Depuis la fin des années 1980 jusqu’au vote, par l’Assemblée nationale, de la loi contre les violences sur les enfants le soir du 29 novembre dernier, le chemin aura été long, très long.

En janvier 1990, se tenait à l’UNESCO un colloque organisé par l’association La Harpe-Enfant de droit. Déjà sensibilisé par les ouvrages d’Alice Miller sur le sujet des maltraitances à enfants1, un psychologue, Emmanuel Bouquet, y lançait une pétition qui disait : « L’article 312 du code pénal interdit de porter des coups sur les enfants, à l’exclusion des violences légères. Qu’entend-on par violences légères ? N’est-ce pas la porte ouverte à tous les abus de la part des adultes ? Au cours du colloque, une pétition a circulé pour que cette ambiguïté soit levée au niveau du texte législatif et que notre droit français interdise formellement et sans conditions les coups à enfants ; comme d’ailleurs le droit suédois s’y est résolu.2 »
Cette pétition, que j’ai signée (je ne sais pas combien de signatures elle a finalement recueilli), contenait déjà à peu près tout : l’idée que des violences « légères », ça n’existe pas ; l’idée que c’est la porte ouverte à tous les abus, y compris les plus graves ; l’idée qu’il fallait une loi ; la référence à la Suède (qui avait prohibé les châtiments corporels dès 1979). Seul oubli : rien n’était dit sur les violences psychologiques qui, on le sait, peuvent être tout aussi destructrices que les coups.Cette même année 1990, la France ratifiait la Convention internationale sur les droits de l’enfant, dont l’article 19 stipule que « les États parties prennent toutes les mesures législatives, administratives, sociales et éducatives appropriées pour protéger l’enfant contre toute forme de violence, d’atteinte ou de brutalités physiques ou mentales, d’abandon ou de négligence, de mauvais traitements ou d’exploitation, y compris la violence sexuelle ».

Et puis ?
Et puis, rien. Même si, au niveau associatif, des choses se disaient, des choses se faisaient (livres de Jacqueline Cornet3 en 1997 et Olivier Maurel4 en 2001, création en 1998 de l’association « Éduquer sans frapper », devenue en 2002 « Ni claques ni fessées », création de l’OVEO5 en 2005), même si la France se faisait régulièrement rappeler à l’ordre, notamment par le Conseil de l’Europe, même si, ces dernières années, la Fondation pour l’Enfance multipliait les campagnes choc à la télé, ça bloquait toujours complètement au niveau des autorités.
Tandis qu’Edwige Antier, alors députée, déposait DEUX propositions de loi sur le sujet6, Xavier Bertrand pouvait déclarer en 2009 : « Une loi qui rentre dans la sphère privée pour dire “on interdit la fessée”, qui intervient à la place des parents, non là, je crois qu’il ne faut pas aller trop loin. » En 2015, changement de bord politique, mais Laurence Rossignol, secrétaire d’État à la famille, était tout aussi catégorique : la lutte contre les châtiments corporels, « ça ne passera pas par la loi7 ».

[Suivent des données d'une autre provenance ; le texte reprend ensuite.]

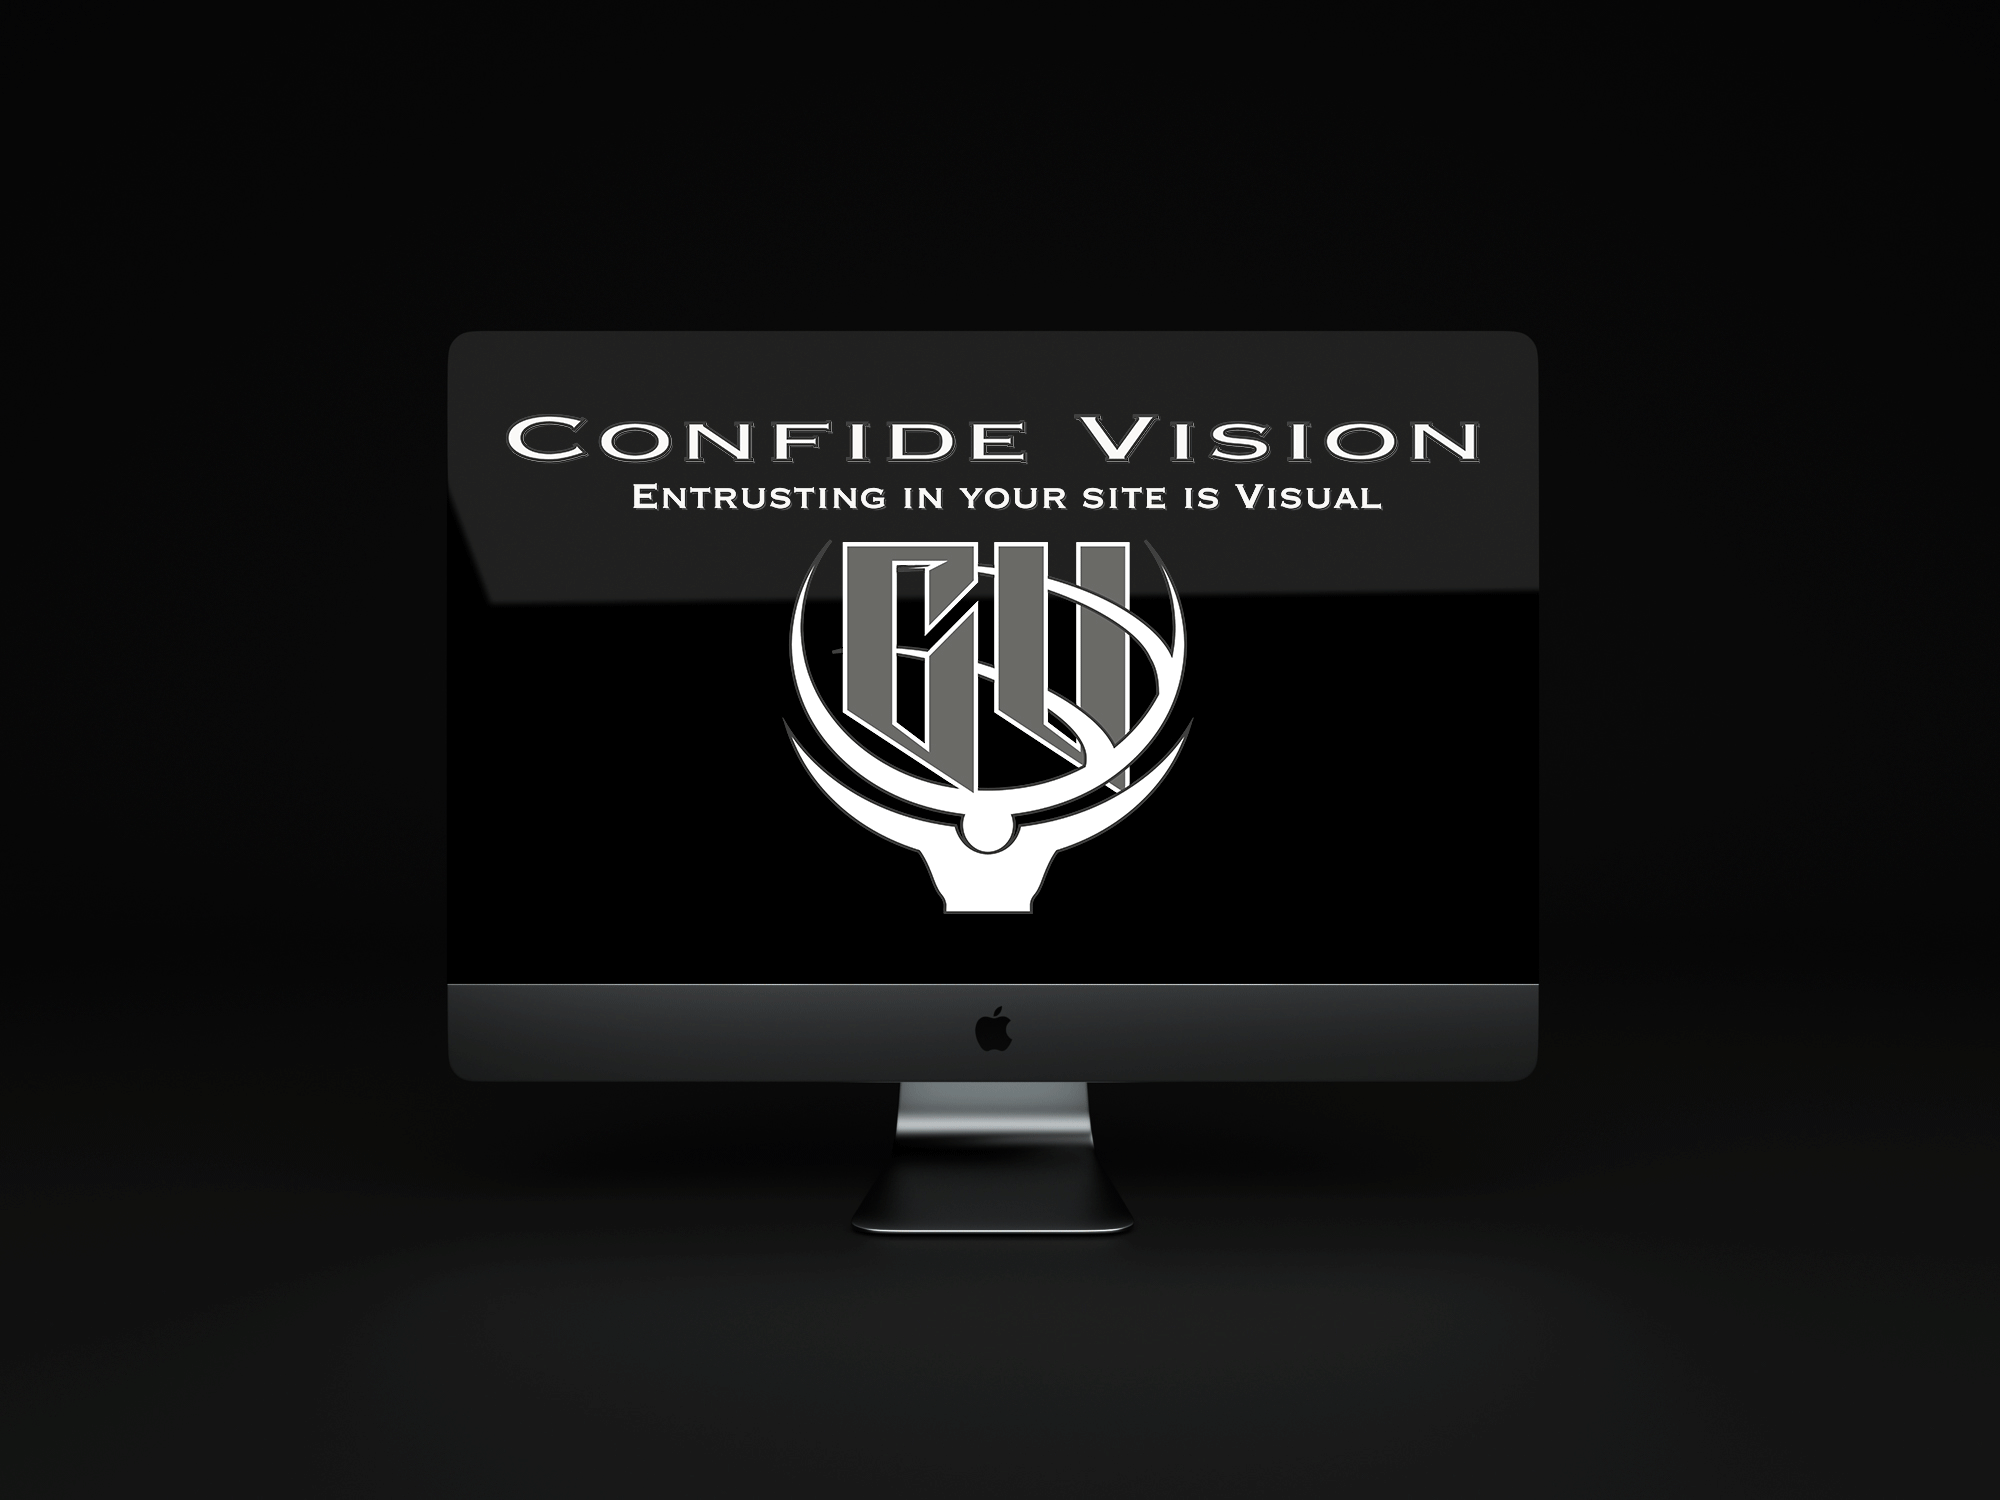 branding your website – confide vision

On voit par ce bref historique qu’on revient de loin, et que la proposition de loi adoptée le 29 novembre, portée par des députés de tous bords et soutenue par plusieurs ministres, même si elle doit encore être votée par le Sénat et par l’Assemblé en deuxième lecture, même s’il faudra attendre les décrets d’application, même si le texte peut sembler édulcoré8, marque néanmoins un pas très important dans la lutte contre les violences éducatives ordinaires en France.


C’est pour ton bien était paru en 1985, L’Enfant sous terreur en 1986.
Enfant de droit, La révolution des petits pas, Éditions Matrice (1990), p. 533.
Faut-il battre les enfants ? Relations entre les accidents et la violence éducative, Éditions Martin Média (1997).
La Fessée, Questions sur la violence éducative, Éditions La Plage (2015).
5 Observatoire de la violence éducative ordinaire.
www.assemblee-nationale.fr/13/propositions/pion2244.asp et www.assemblee-nationale.fr/13/propositions/pion2971.asp, jamais mises à l’ordre du jour de l’Assemblée…
7 Pourtant, fin 2016, elle essayait de faire passer un amendement « anti-fessée » dans la loi Égalité et citoyenneté, finalement retoqué par le Conseil constitutionnel car « sans lien » avec le projet de loi initial.